Grand Slam doubles results
- Australian Open: QF (2025)
- French Open: QF (2022)
- Wimbledon: W (2025)
- US Open: QF (2022)

Other doubles tournaments
- Tour Finals: SF (2022, 2025)

Mixed doubles
- Career record: 7–10
- Career titles: 0

Grand Slam mixed doubles results
- Australian Open: 2R (2024, 2025, 2026)
- French Open: QF (2023, 2025)
- Wimbledon: 2R (2026)
- US Open: 1R (2023, 2026)

= Lloyd Glasspool =

British tennis player (born 1993)

Lloyd Glasspool (born 19 November 1993) is a British professional tennis player who specialises in doubles. He has a career-high ranking of ATP world No. 1 in doubles, achieved on 18 August 2025, becoming the fourth British player to hold the top spot.
Glasspool won the 2025 Wimbledon title with Julian Cash, the first all-British team to win the title in 89 years. He has won an additional 13 ATP Tour and five ATP Challenger doubles titles. He also has a career best singles ranking of No. 282 reached on 25 July 2016.

==Career==
Glasspool studied at the University of Texas at Austin, where partnering Søren Hess-Olesen he captured the 2015 NCAA doubles championship.

===2016: ATP debut===
Glasspool made his ATP Tour debut (in doubles) at the 2016 Wimbledon Championships having been given a wildcard to partner compatriot Dan Evans in the main draw.

===2021: Partnership with Heliövaara, maiden title, Wimbledon third round ===
Partnering Harri Heliövaara, Glasspool won his first ATP Tour title at the 2021 Open 13 against Sander Arends and David Pel of the Netherlands in March.

===2022: Two Major quarterfinals & ATP Finals semifinal, ATP 500 title, top 15===
In May 2022, on their debut at the Italian Open, Glasspool and Heliövaara reached their first quarterfinal at a Masters 1000 level as alternates, defeating top seeds, world No. 1, Joe Salisbury, and world No. 2, Rajeev Ram, en route, marking their first win at this level.

At the French Open, he reached a major quarterfinal for the first time in his career with Heliövaara. As a result, he moved into the top 50, at world No. 49 on 13 June 2022.
The pair continued with their successful season reaching their first final on grass at the Queen's Club. Next they advanced to the third round at Wimbledon for the second consecutive year.
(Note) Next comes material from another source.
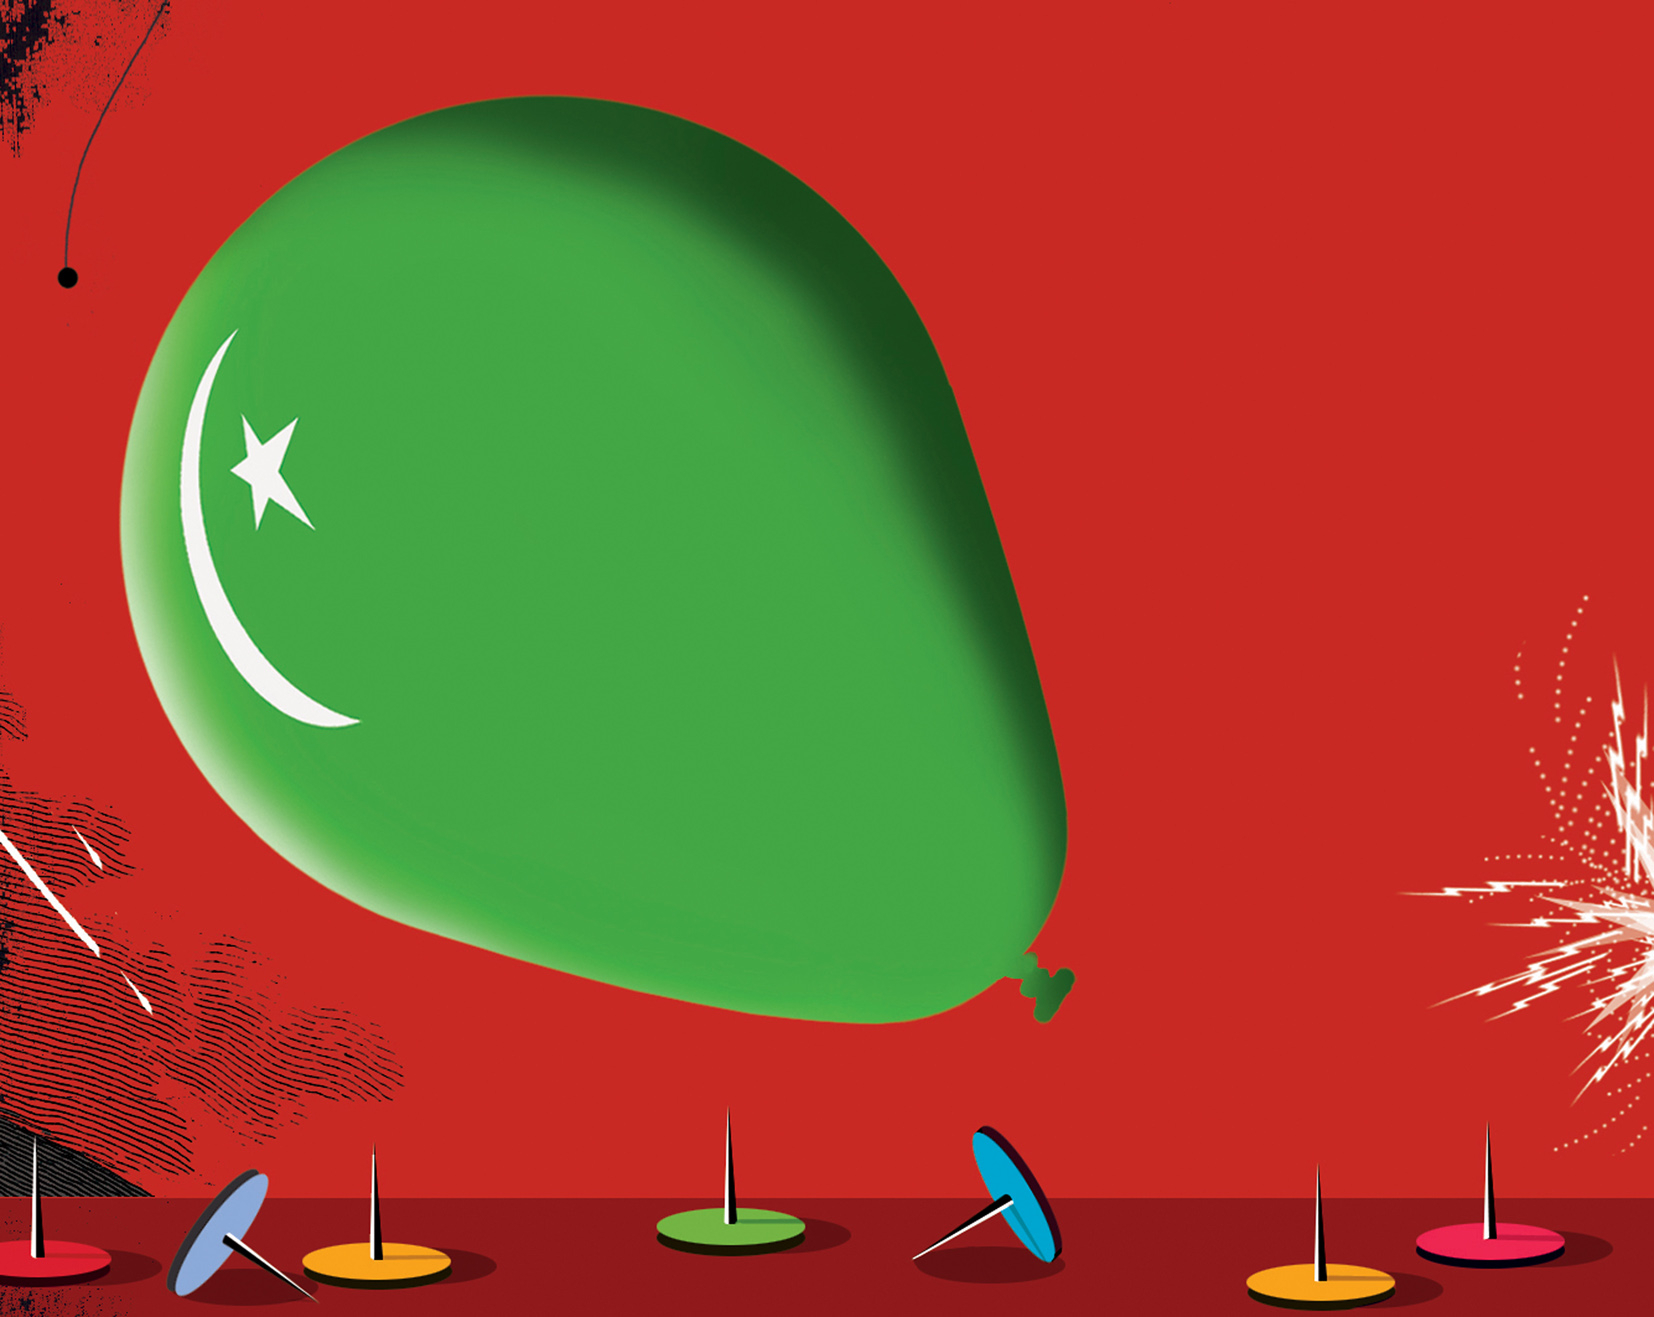 Pakistan Crises The Guardian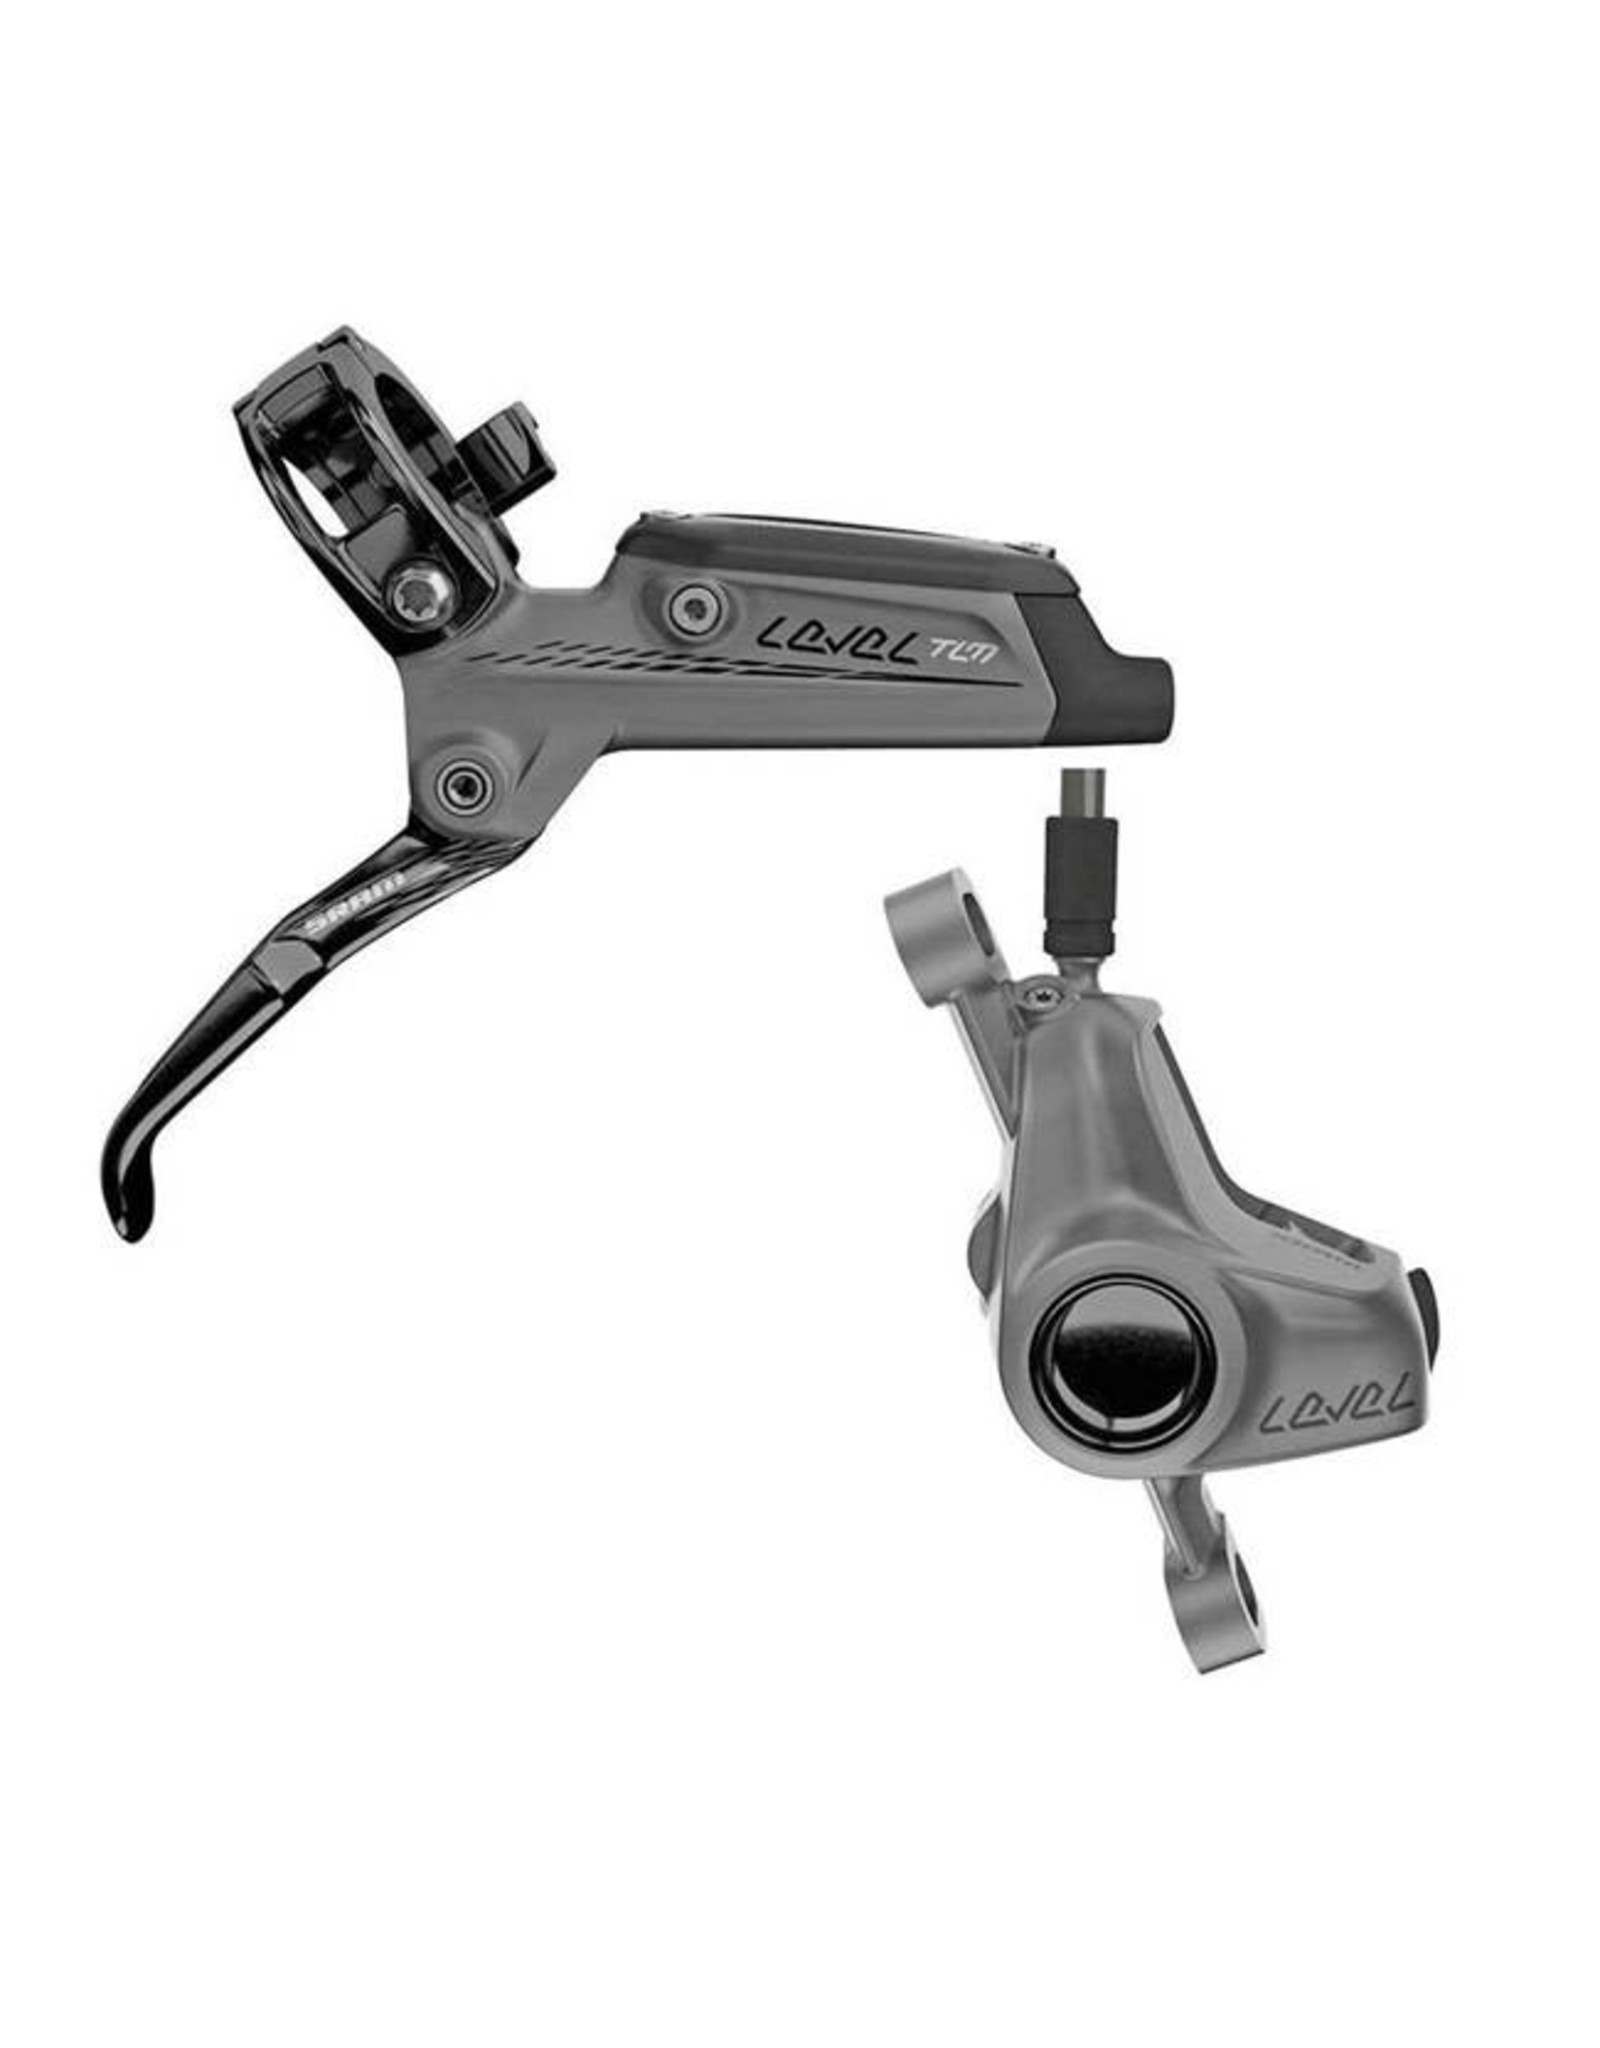 SRAM SRAM Level TLM Disc Brake Rear 1800mm Hose Gray, Rotor/Bracket Sold Separately A1

They won the biggest title at the ATP 500 European Open defeating Matwe Middelkoop and Rohan Bopanna.
At the 2022 Croatia Open Umag they reached the semifinals defeating wildcards Mili Poljicak and Nino Serdarusic. Next they defeated second seeds Rafael Matos and David Vega Hernandez to reach their fifth final of the season.

At the 2022 National Bank Open the pair reached a second Masters quarterfinal for the season where they lost to third seeds Koolhof/Skupski. He reached the top 30 on 22 August 2022 at No. 28.

Seeded 11th at the US Open they reached their second quarterfinal and first at this Major defeating 8th seeded pair of Kyrgios/Kokkinakis. The pair reached their sixth final of the season at the 2022 Moselle Open. As a result, Glasspool reached the top 20 in the rankings on 26 September 2022.

On 4 November the pair qualified for their first 2022 ATP Finals after reaching their first Masters semifinal in Paris and Glasspool moved into the top 15. They qualified for the semifinals defeating Arévalo/Rojer and Granollers/Zeballos both matches in straight sets.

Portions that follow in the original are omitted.